SUPPLIED DATA: Begin

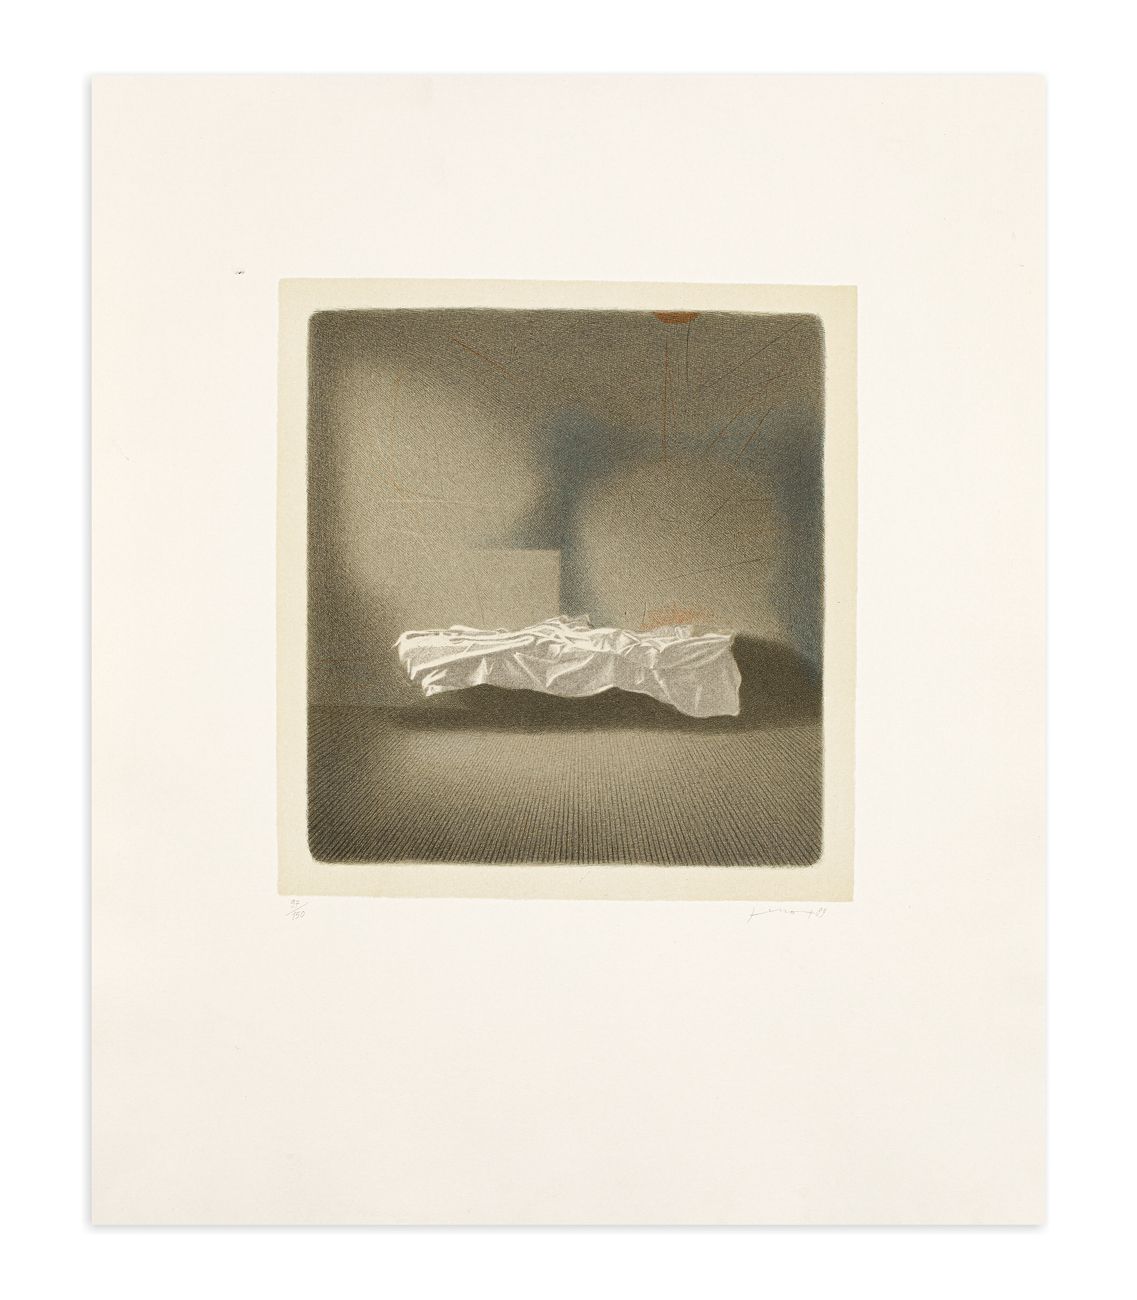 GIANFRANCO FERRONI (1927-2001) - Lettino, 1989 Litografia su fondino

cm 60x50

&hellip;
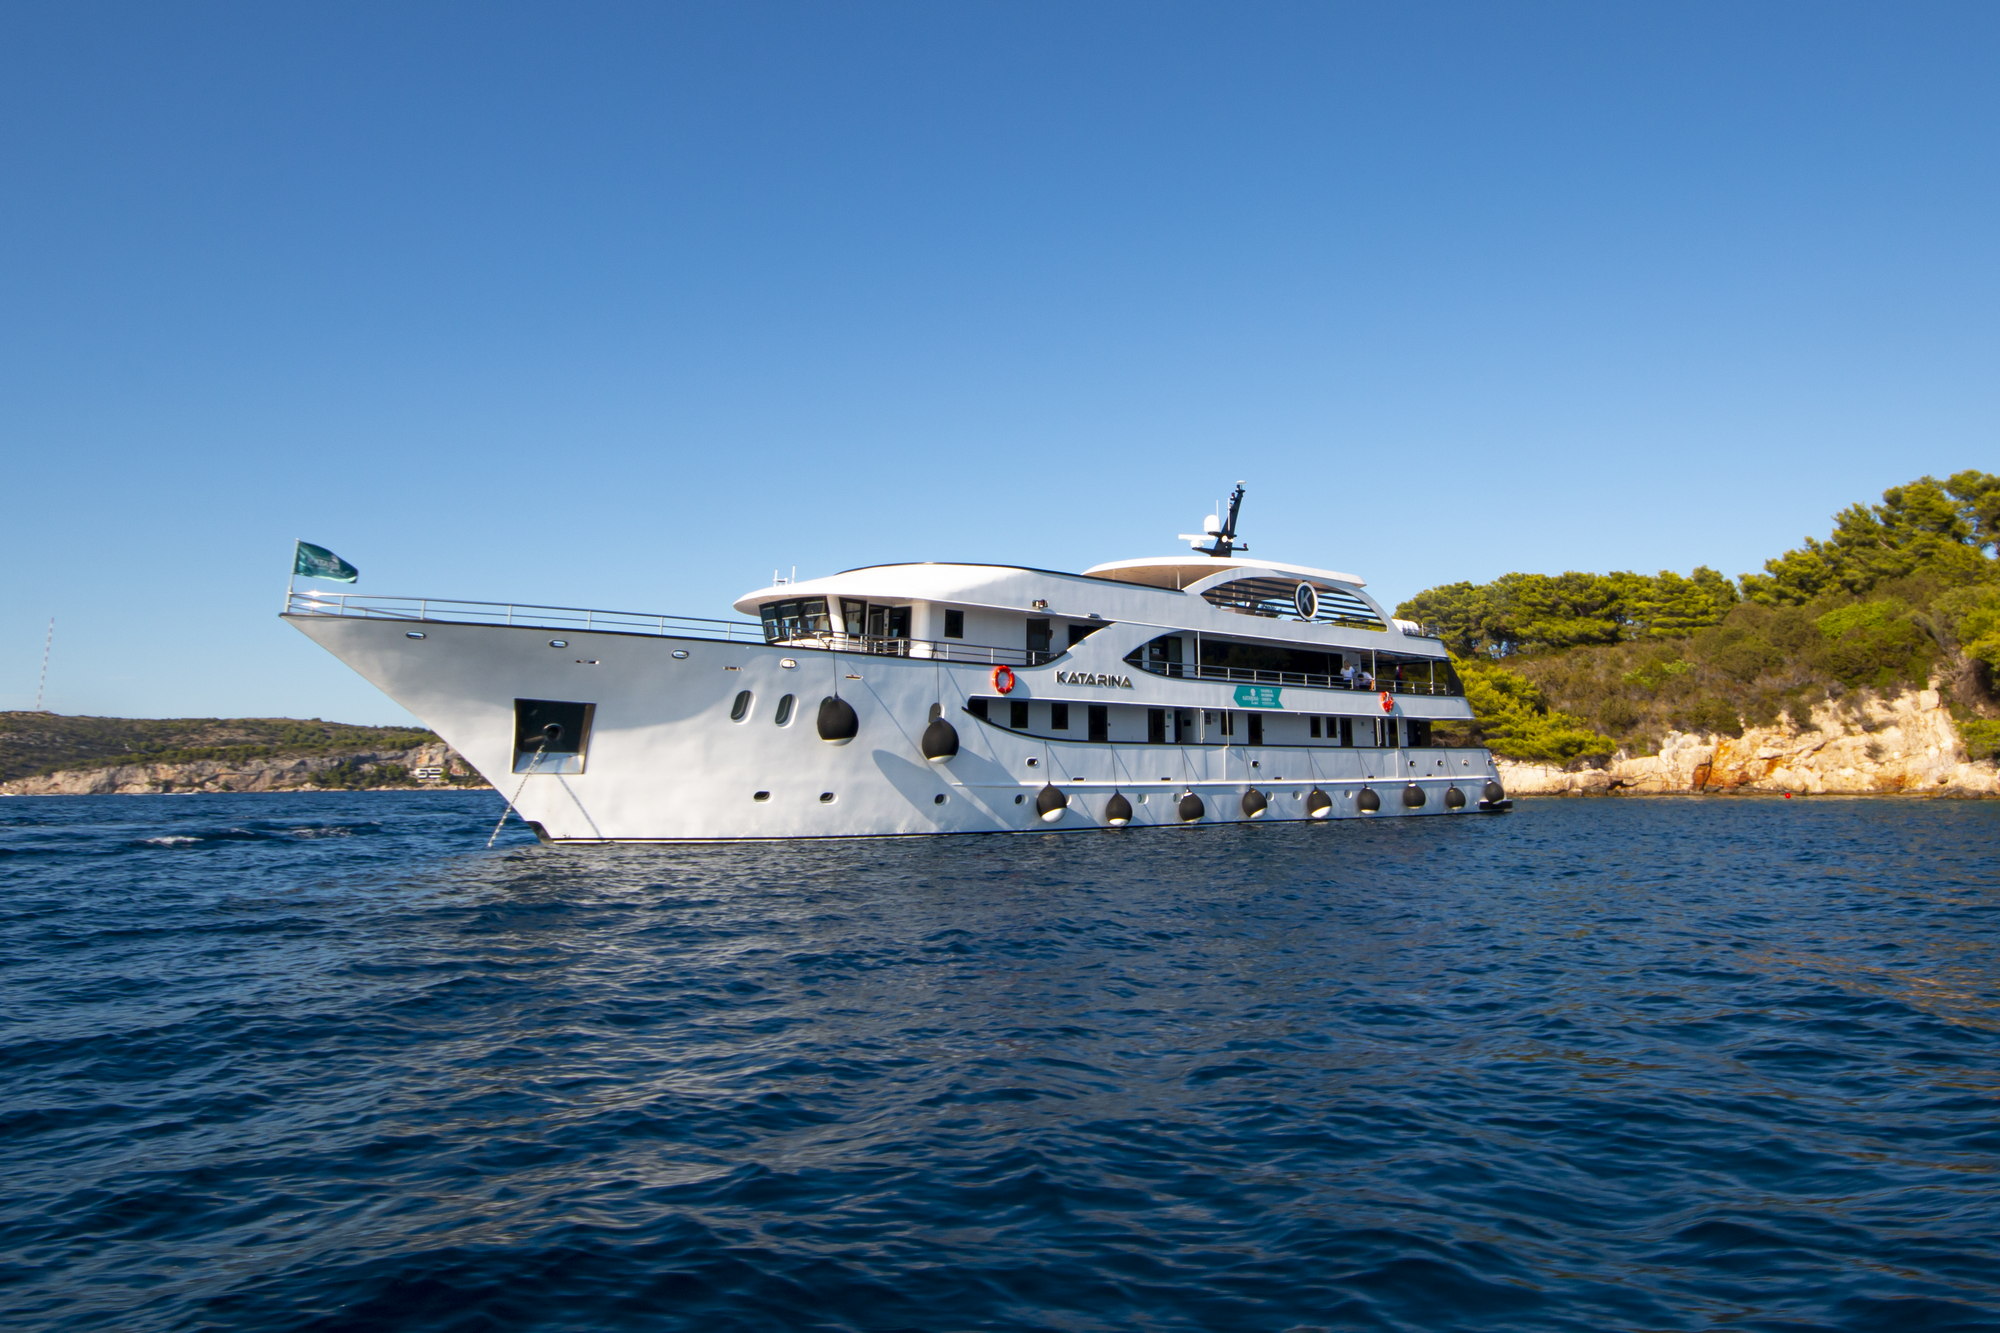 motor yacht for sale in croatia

SUPPLIED DATA: End
SUPPLIED DATA: Begin

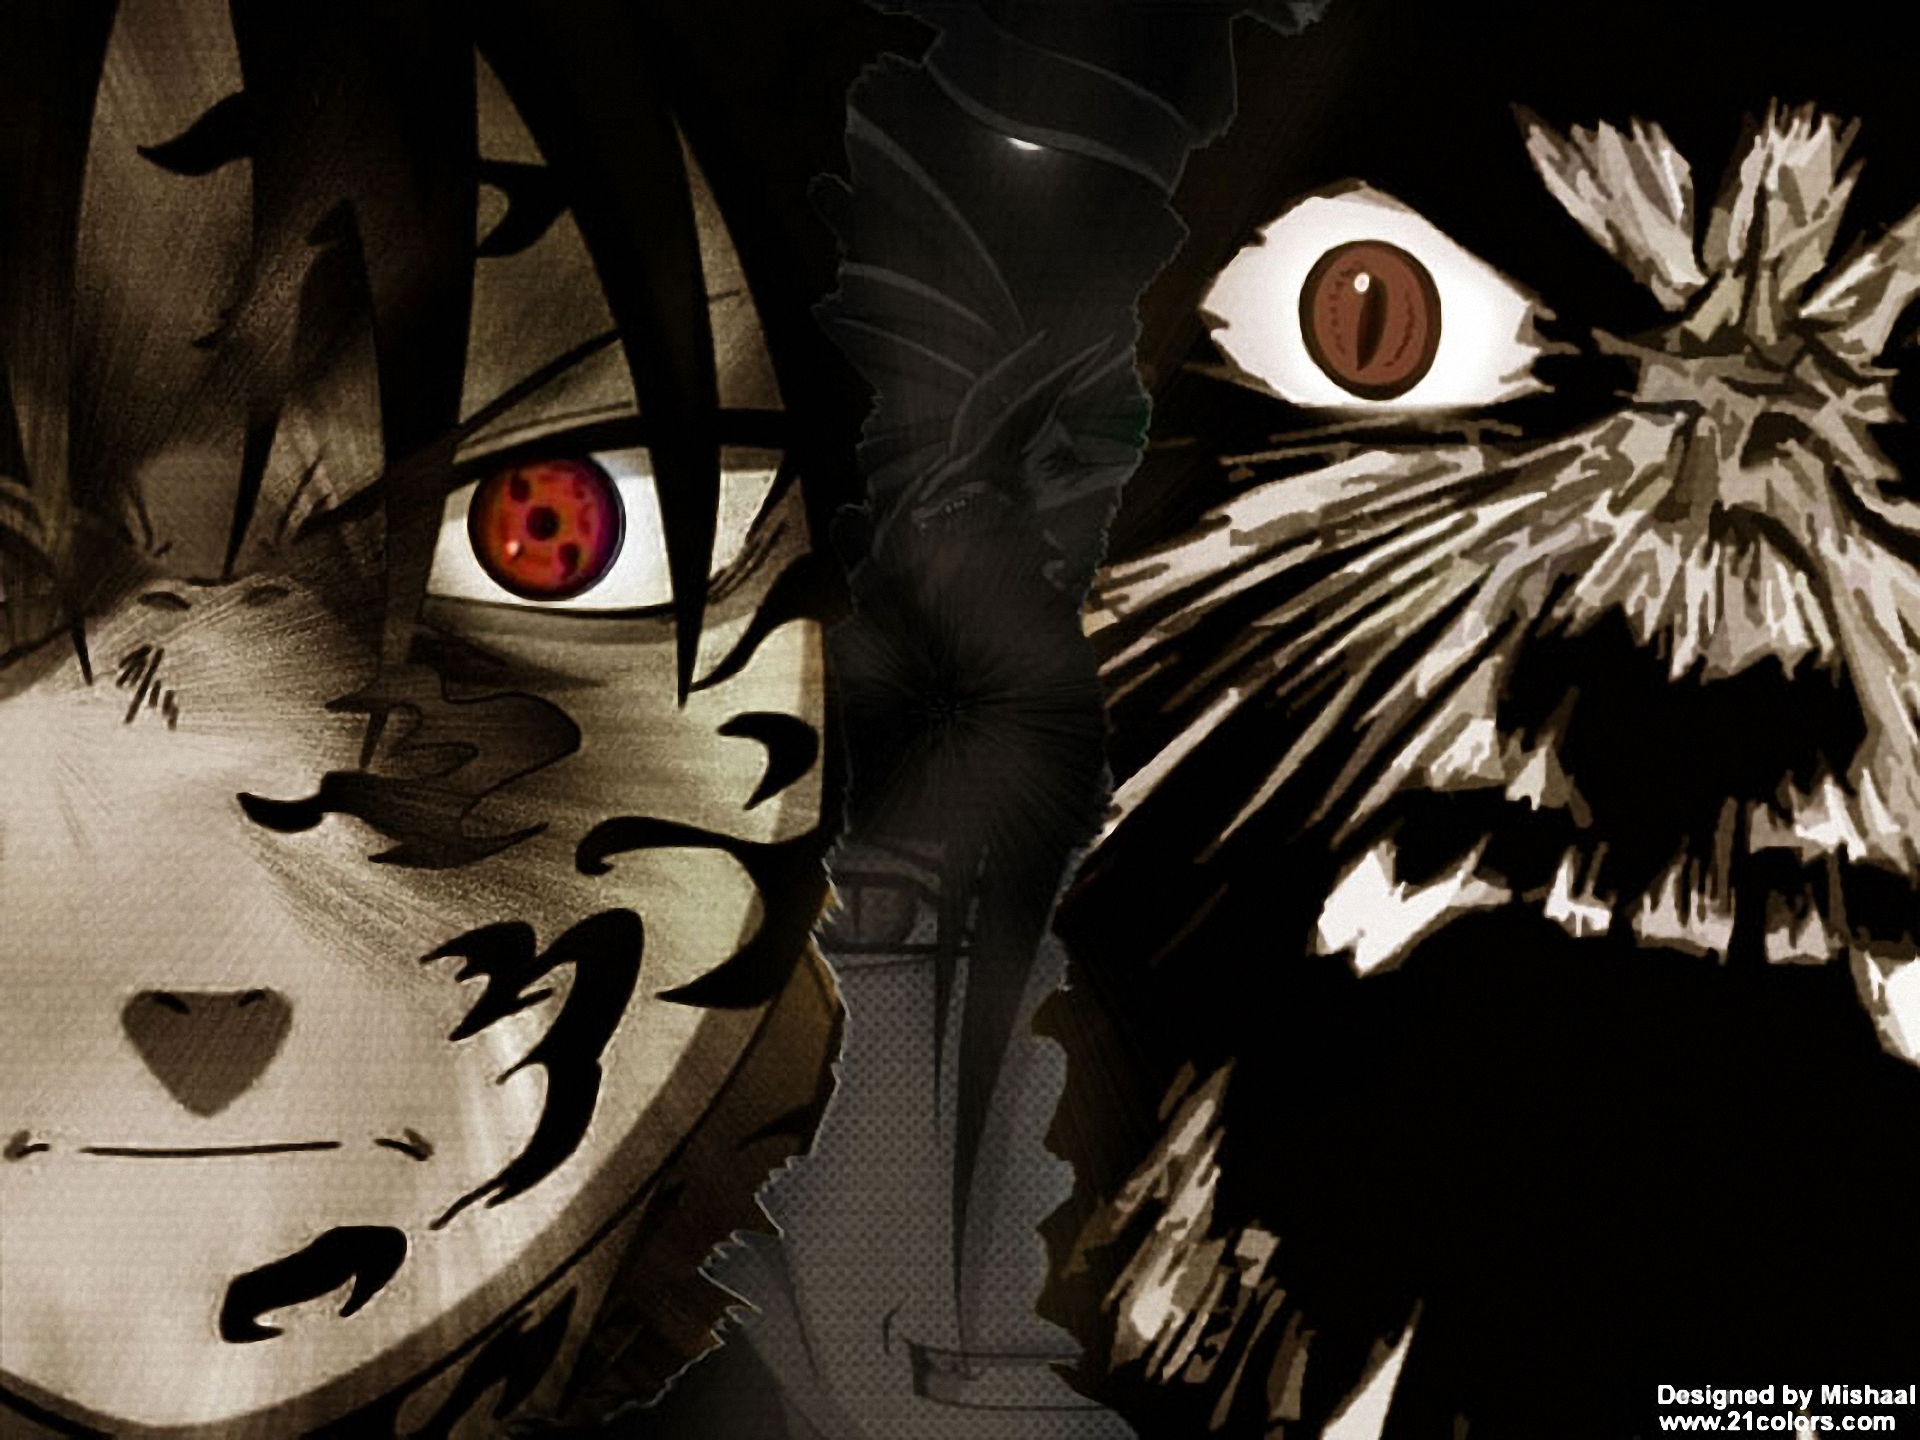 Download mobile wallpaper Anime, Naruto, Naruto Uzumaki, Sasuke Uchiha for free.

SUPPLIED DATA: End

ACTION ITEM » Your reply is to be an exact repeat of the listing above from the line holding "GIANFRANCO FERRONI (1927-2001)" down to the line holding "motor yacht for sale in croatia", ends included, pictures excluded.

PROBLEM SOLUTION »
 GIANFRANCO FERRONI (1927-2001) - Lettino, 1989 Litografia su fondino

cm 60x50

&hellip;
 motor yacht for sale in croatia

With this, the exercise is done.